Okay ... so now it's time for prayer requests as I close out this post ... it's a long list, so bear with me ...
  • Pray for me. I covet your prayers & here's what I ask that you pray for: patience & a willing spirit to clean my house (that's not a joke), better budgeting of my time & self-control;
  • Pray for Mike. He loves his job and has so much integrity for journalistic endeavors, but it's a stressful world right now; pray for him as a Dad & a coach, for patience and gentleness in modeling Fatherhood to our children;
  • Pray for our children, DJ & El, that the favor of God & men will be on them, that they will know the Holy Spirit, that they will be friends & compassionate towards one another and others;
  • Pray for my Mom, Beth. She teaches 5k - need I say more? She's also a full-time parent to my 4 & 1/2 year old nephew;
  • Pray for my Dad, Jimmy. He's a banker, a golfer, a grandfather & father, and caretaker over our whole family, still. And did I mention the full-time parenting of a certain 4 & 1-2 year old? He lives and breathes stress;
  • Pray for my nephew, Brayson. He started 4k yesterday;
  • Pray for Emily, who began her teaching career today as a Christian Education teacher;
  • Pray for Bert & Bethany, who are trying to sell their home & get established in a new place;
  • Pray for Adrian & Lyn, who are parents to 4 precious children (triplets & an older sibling!) as they go back to work & start a new job;
  • Pray for Stacie, who began her teaching career yesterday, 4th grade;
  • Pray for Michelle & Jason as they seek God's place for them;
  • Pray for Angie, who is expecting in a sweet baby girl in Sept.;
  • Pray for Daniel, as he takes over the duties as Area Director of Young Life, Aiken, looking for a church, grown-up friends, and high school friends;
  • Pray for Tara, whose ankle is still sore from a nasty break & as she goes back to teaching this Fall;
  • Pray for Brittany, who started her Senior Year of high school;
  • Pray for rain as we endure a drought; pray for gentleness, kindness, wisdom for friends, family and those of you who stopped by to read this blog; Pray for people I may not always have warm thoughts toward & pray for leadership at all levels ...

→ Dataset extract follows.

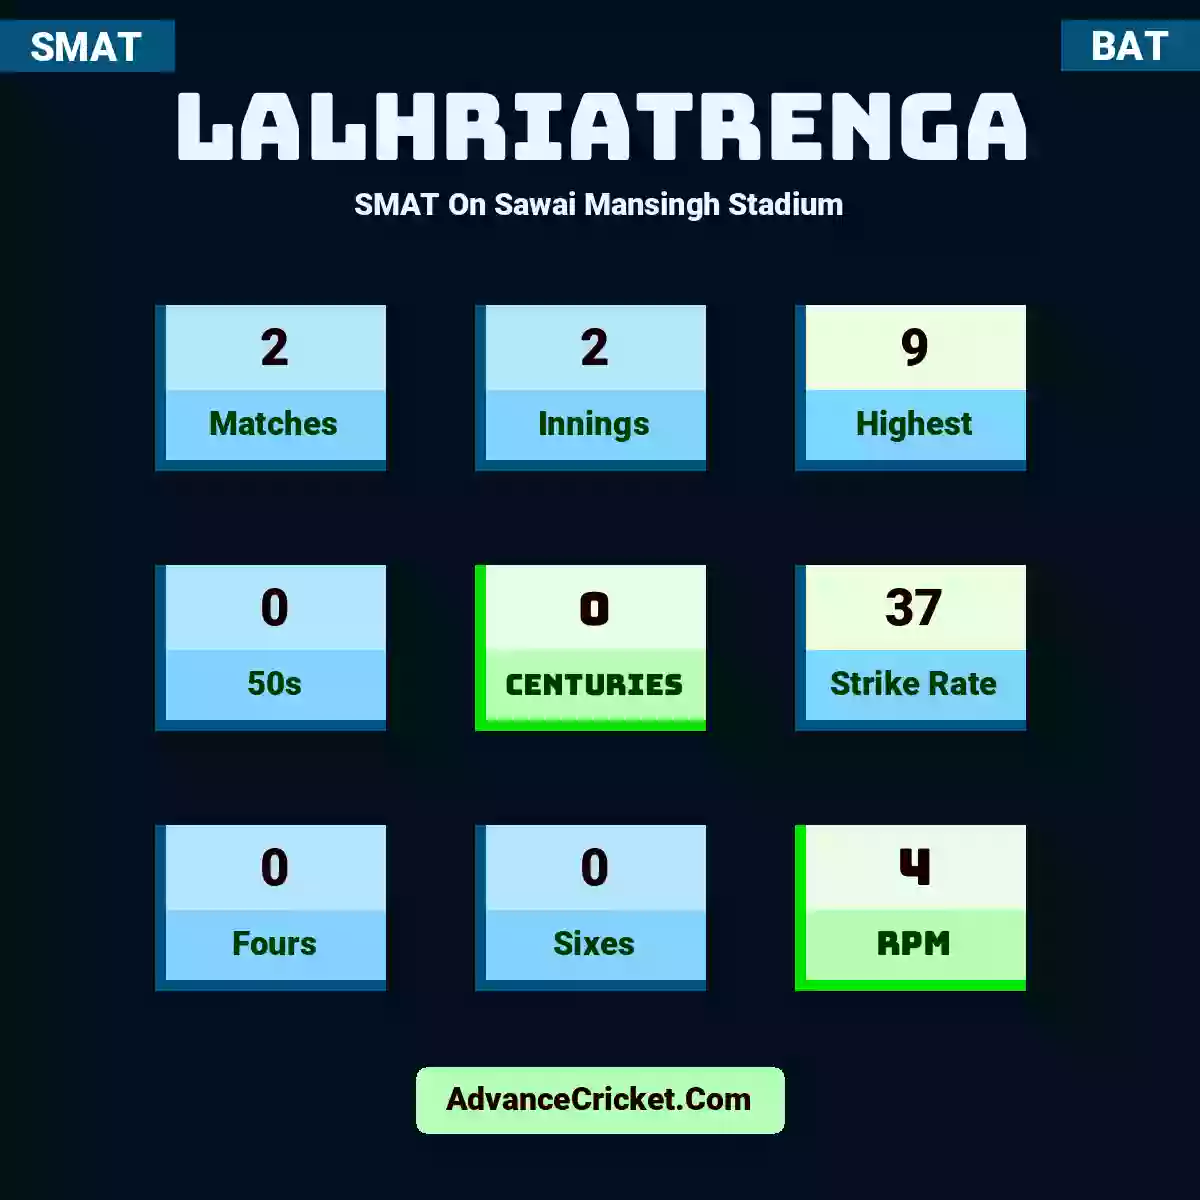 Lalhriatrenga SMAT  On Sawai Mansingh Stadium, Lalhriatrenga played 2 matches, scored 9 runs as highest, 0 half-centuries, and 0 centuries, with a strike rate of 37. Lalhriatrenga hit 0 fours and 0 sixes, with an RPM of 4.
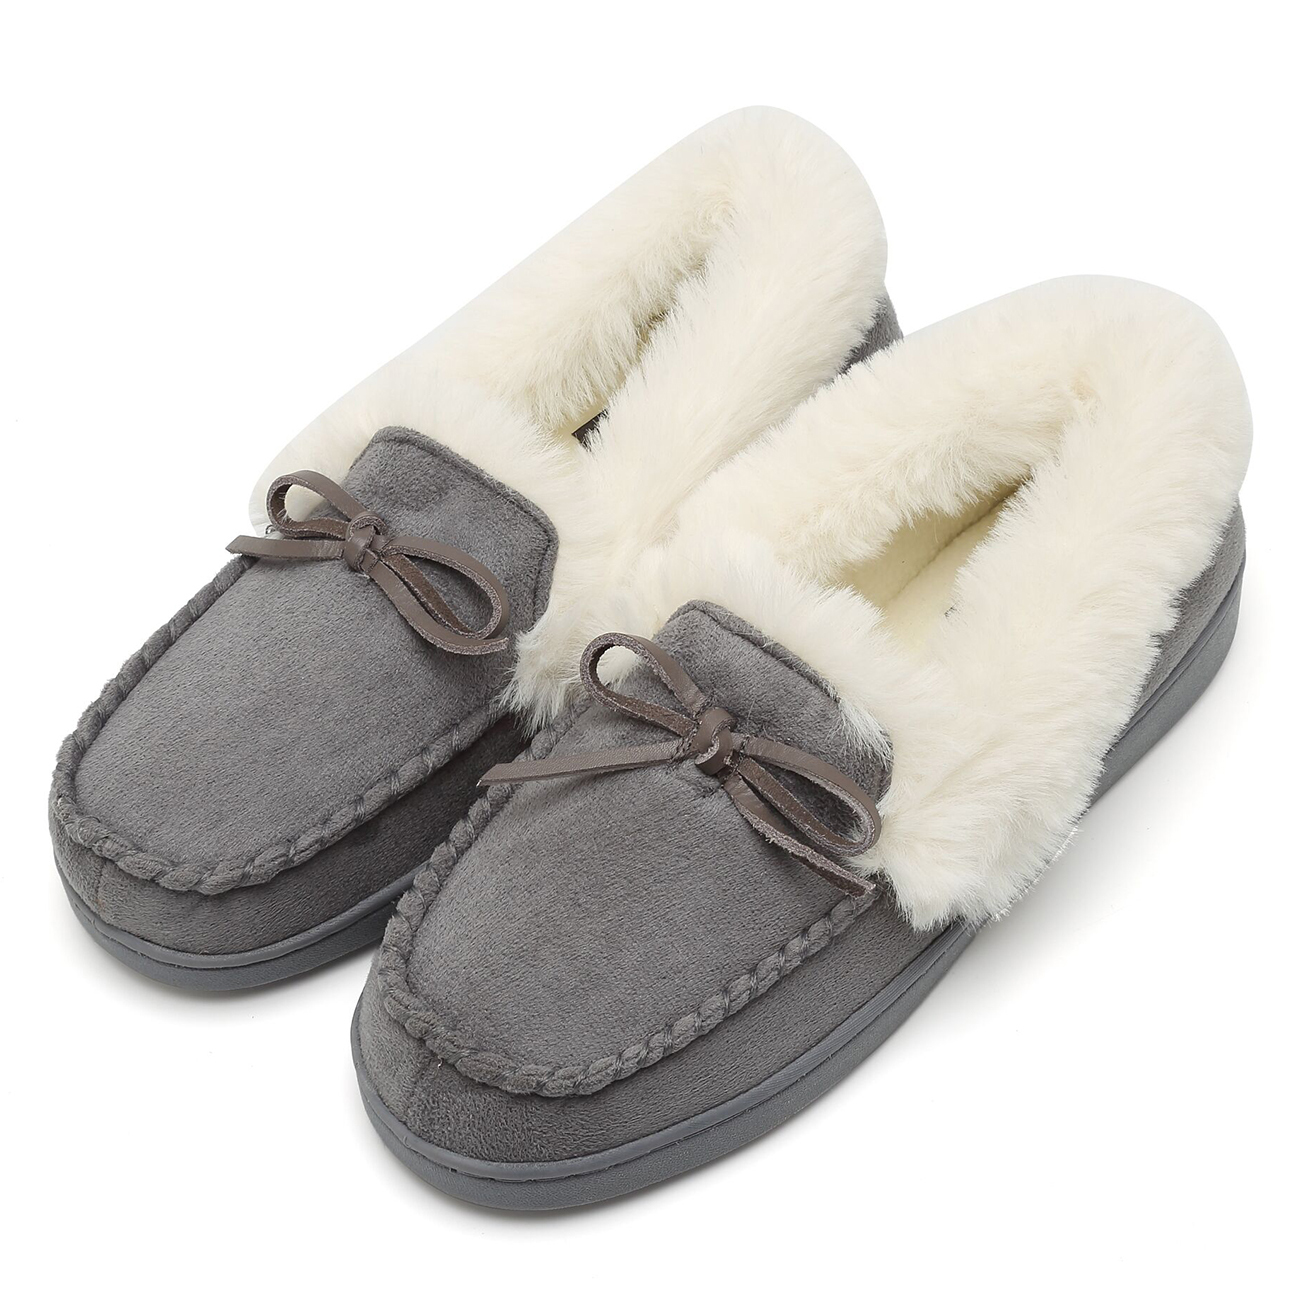 mens winter house slippers

And since you're so kind to pray for me & mine, will you let me pray for you? Be specific so that I can pray for you & yours (you can post your reqeusts in the comments section, or e-mail me at

And those are the things & people I can think of right now ... so, when you pray be reminded that "the Spririt helps us in in our weakness. We do not know what we ought to pray for, but the Spirit himself intercedes for us with groans that words cannot express" Romans 8:26 (NIV).

I'll post some pictures soooooooon ... XO!

Tuesday, August 5, 2008

DJ showing his "I'm-not-getting-my-way" look ... don't worry, there was a haircut shortly after the pic was taken - now he's business in the front & party in the back ... we'll fix before school starts!!

Do you notice anything strange about this one? Yes,this is my sweet Elly Belly STANDING. Not quite 7 months and already crawling, pulling up & cruising. Baby gates are being erected as I type ...

And last, for now ... POPSICLE FACE. Ah, the joys of summer!